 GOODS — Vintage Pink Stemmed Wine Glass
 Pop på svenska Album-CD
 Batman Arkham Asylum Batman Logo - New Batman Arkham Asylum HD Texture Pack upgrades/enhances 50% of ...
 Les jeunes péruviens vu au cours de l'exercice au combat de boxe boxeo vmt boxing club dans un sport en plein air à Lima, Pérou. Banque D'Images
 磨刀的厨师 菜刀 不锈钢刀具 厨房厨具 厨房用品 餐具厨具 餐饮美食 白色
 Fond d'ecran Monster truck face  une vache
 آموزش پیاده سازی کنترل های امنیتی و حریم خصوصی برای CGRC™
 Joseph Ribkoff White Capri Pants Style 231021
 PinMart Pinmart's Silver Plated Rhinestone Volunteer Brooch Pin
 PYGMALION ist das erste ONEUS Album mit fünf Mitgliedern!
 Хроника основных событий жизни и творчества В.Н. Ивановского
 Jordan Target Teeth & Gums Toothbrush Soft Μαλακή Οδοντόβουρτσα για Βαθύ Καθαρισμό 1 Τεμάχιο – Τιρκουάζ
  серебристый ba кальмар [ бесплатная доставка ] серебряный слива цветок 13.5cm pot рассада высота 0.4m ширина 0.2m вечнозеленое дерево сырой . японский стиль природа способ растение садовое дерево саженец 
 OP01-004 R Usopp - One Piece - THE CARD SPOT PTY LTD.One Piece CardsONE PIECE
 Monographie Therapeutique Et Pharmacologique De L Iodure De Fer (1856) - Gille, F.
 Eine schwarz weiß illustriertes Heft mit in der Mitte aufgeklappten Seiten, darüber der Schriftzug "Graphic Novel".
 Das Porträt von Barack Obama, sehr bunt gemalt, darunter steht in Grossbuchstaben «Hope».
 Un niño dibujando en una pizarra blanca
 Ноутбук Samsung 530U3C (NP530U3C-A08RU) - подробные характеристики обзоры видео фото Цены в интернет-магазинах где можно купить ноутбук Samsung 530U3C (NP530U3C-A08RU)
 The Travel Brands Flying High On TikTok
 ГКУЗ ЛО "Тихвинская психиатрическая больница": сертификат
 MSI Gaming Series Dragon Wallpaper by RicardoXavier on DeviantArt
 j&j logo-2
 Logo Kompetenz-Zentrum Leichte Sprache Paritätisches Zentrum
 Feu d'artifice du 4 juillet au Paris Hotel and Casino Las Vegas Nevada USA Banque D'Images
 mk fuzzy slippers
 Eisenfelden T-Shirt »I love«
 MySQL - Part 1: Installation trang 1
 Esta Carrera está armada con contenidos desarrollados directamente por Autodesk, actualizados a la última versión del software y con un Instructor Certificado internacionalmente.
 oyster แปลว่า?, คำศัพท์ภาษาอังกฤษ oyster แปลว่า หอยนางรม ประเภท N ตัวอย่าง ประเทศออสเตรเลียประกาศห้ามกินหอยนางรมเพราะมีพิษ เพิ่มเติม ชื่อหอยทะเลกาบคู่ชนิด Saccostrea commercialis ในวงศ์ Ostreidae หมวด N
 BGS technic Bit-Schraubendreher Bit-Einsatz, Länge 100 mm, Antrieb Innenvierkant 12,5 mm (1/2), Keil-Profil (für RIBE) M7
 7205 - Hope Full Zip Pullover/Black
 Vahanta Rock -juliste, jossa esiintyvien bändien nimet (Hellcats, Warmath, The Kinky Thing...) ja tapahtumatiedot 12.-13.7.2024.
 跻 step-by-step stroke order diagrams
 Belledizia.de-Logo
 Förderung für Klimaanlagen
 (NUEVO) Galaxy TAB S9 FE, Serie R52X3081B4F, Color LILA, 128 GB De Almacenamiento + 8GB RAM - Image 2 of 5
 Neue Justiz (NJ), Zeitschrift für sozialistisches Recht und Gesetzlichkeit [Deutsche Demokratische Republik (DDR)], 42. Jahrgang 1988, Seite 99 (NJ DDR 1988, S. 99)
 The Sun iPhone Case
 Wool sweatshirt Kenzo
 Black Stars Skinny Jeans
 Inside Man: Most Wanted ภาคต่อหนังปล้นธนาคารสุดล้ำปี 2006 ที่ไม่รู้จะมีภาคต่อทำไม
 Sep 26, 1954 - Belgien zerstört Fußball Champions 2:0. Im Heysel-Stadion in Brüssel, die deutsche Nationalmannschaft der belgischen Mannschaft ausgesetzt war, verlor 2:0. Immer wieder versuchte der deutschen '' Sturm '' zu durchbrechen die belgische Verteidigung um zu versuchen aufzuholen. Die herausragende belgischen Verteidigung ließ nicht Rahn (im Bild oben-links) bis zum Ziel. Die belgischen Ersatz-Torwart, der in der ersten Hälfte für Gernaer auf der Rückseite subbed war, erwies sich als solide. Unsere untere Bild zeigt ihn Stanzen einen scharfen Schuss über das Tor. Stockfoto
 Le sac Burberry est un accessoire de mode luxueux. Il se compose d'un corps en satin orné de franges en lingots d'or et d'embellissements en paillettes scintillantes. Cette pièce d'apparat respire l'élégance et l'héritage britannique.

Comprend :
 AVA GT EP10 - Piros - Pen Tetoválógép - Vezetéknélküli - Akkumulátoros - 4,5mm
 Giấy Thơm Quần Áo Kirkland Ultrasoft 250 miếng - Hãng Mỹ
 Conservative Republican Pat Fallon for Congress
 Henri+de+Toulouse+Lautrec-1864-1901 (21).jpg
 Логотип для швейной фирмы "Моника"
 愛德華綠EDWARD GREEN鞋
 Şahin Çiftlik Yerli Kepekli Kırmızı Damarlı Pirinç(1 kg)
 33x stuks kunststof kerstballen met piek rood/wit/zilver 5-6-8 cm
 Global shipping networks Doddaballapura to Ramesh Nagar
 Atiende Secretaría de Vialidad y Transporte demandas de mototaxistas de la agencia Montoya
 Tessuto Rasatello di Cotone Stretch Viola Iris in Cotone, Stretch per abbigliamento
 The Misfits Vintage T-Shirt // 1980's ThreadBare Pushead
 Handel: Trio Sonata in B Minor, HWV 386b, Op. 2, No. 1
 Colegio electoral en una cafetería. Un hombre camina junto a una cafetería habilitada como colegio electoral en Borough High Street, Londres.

**Work required**
What belongs in the answer is the line with "Handel: Trio Sonata" plus every later line of the listing, copied word for word and nothing besides.

**Answer to the problem**
 Handel: Trio Sonata in B Minor, HWV 386b, Op. 2, No. 1
 Colegio electoral en una cafetería. Un hombre camina junto a una cafetería habilitada como colegio electoral en Borough High Street, Londres.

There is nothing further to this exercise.